Когда она удалилась настолько, что услышать их уже не могла, и снова вскользнула во тьму своего фургона – так, точно покидала ее лишь затем, чтобы пометить время, тот, кого звали Рух, сплюнул и удивленно спросил:
– Хотел бы я знать, что это так растревожило старую каракатицу. Ну притронемся мы к этой зверюге, ну и что?

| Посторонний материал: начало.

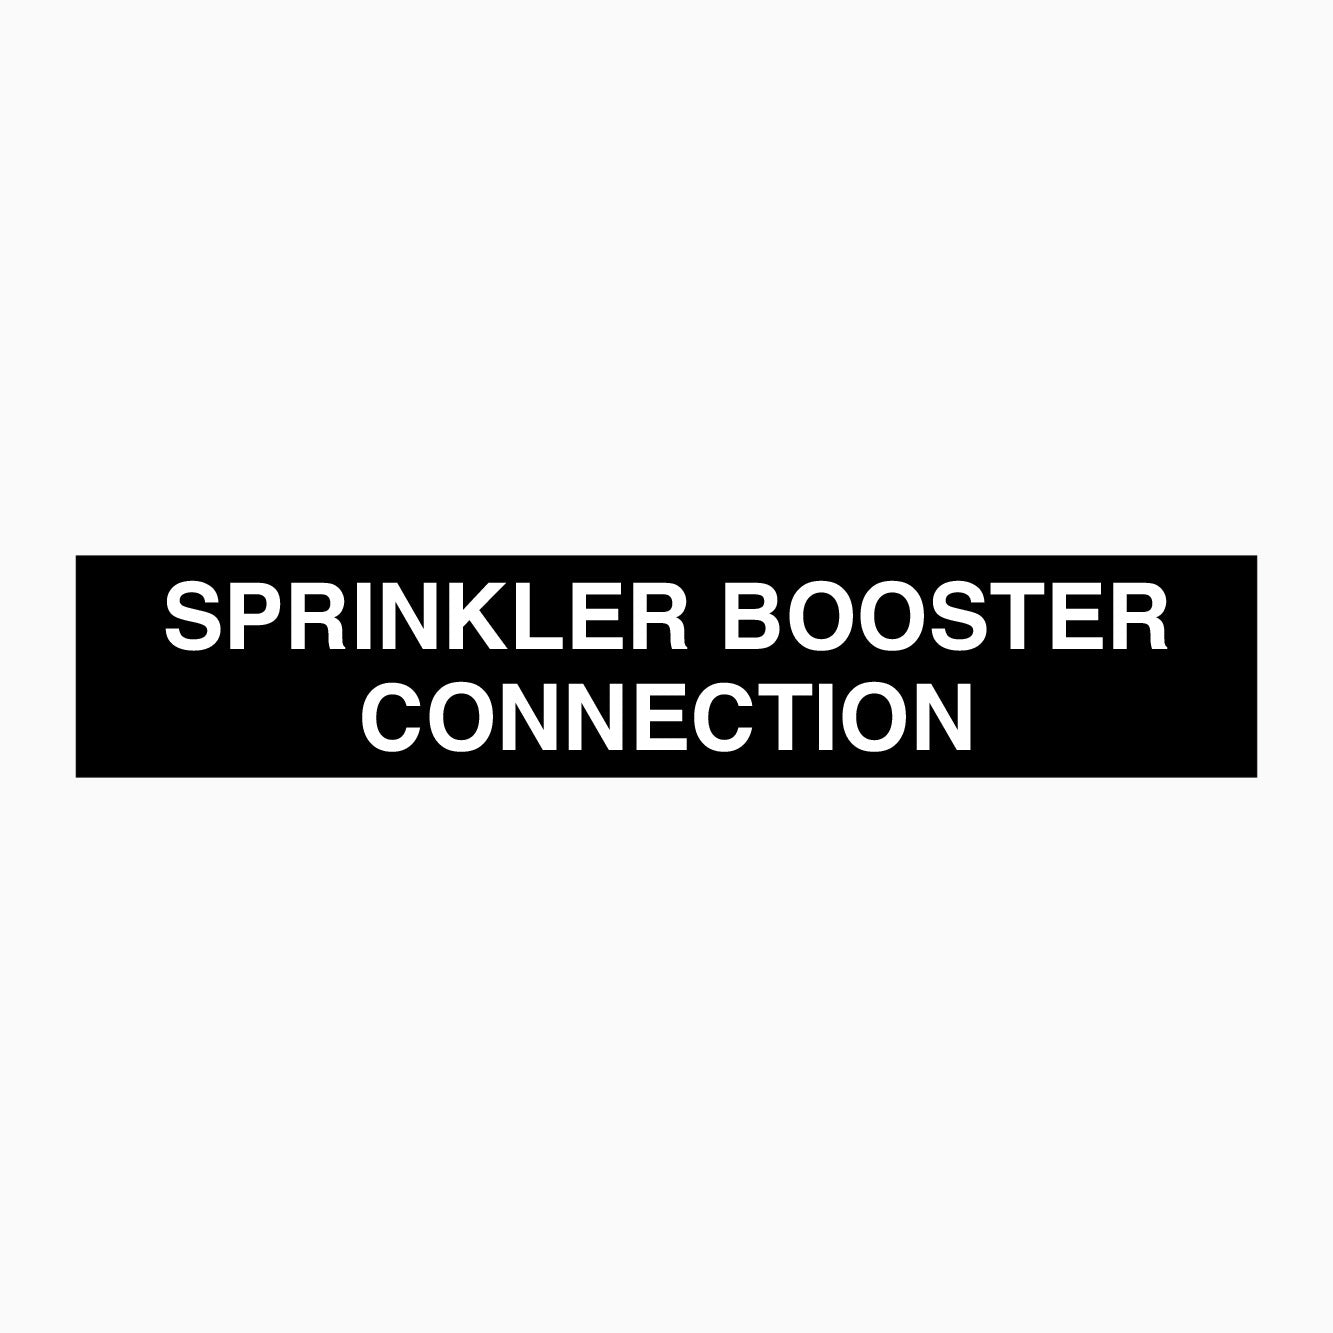 SPRINKLER BOOSTER CONNECTION SIGN

И фокусник ответил ему голосом, почти неслышным:
– Прикосновение человечьей руки пробудило бы ее даже от сна, который мог наслать на нее дьявол. А Маме Фортуне до дьявола далеко.
– Ну да, ей охота, чтобы мы так и думали, – глумливо сказал темный. – Ослиное копыто! Ха!
Однако руки он глубоко запрятал в карманы.
– Какое тут заклятие можно нарушить? Это же старая белая кобыла.
Но фокусник уже шел к последнему из черных фургонов.
– Поспеши, – сказал он через плечо. – Скоро день.
На то, чтобы разобрать девятую клетку – прутья, пол, крышу – и собрать ее вокруг спящего единорога, у них ушел весь остаток ночи. Рух подергал дверь клетки, дабы убедиться, что заперта она надежно, уже когда серые деревья на востоке вскипели светом и единорог открыла глаза. Двое мужчин торопливо удалились от клетки, но рослый чародей, оглянувшись, увидел, что единорог встала на ноги и смотрит на железные прутья, и, опустив голову, мотает ею, точно старая белая лошадь.
II
Дневной свет как будто уменьшил девять черных фургонов «Полночного балагана», сделал их нимало не грозными, но хилыми и хрупкими, точно иссохшие листья. Драпировки исчезли, теперь фургоны украшались вырезанными из одеял печальными черными флагами и короткими черными лентами, которые трепыхались на ветру. Фургоны стояли посреди запустелого поля в странном порядке: пентакль из клеток окружал треугольник из них же, в центре которого грузно примостился фургон Мамы Фортуны. Только его клетка и оставалась занавешенной черной тканью. Самой Мамы Фортуны нигде видно не было.
Мужчина по имени Рух неторопливо вел толпу шагавших вразброд поселян от клетки к клетке, заунывно описывая сидевших в них зверей.
– Перед вами мантикора. Голова человека, тело льва, хвост скорпиона. Поймана в полночь; желая подсластить свое дыхание, кушает оборотней. Творения ночи при свете дня. А здесь у нас дракон. Время от времени изрыгает огонь – обычно на тех, кто тычет в него палкой, мальчик. Внутри у него пламенный ад, но шкура до того холодна, что можно обжечься. С грехом пополам говорит на семнадцати языках и страдает подагрой. Сатир. Дам прошу близко не подходить. Шалопут из шалопутов. Пойман при удивительных обстоятельствах, открыть которые я могу лишь джентльменам – после осмотра и за чисто символическую плату. Творения ночи.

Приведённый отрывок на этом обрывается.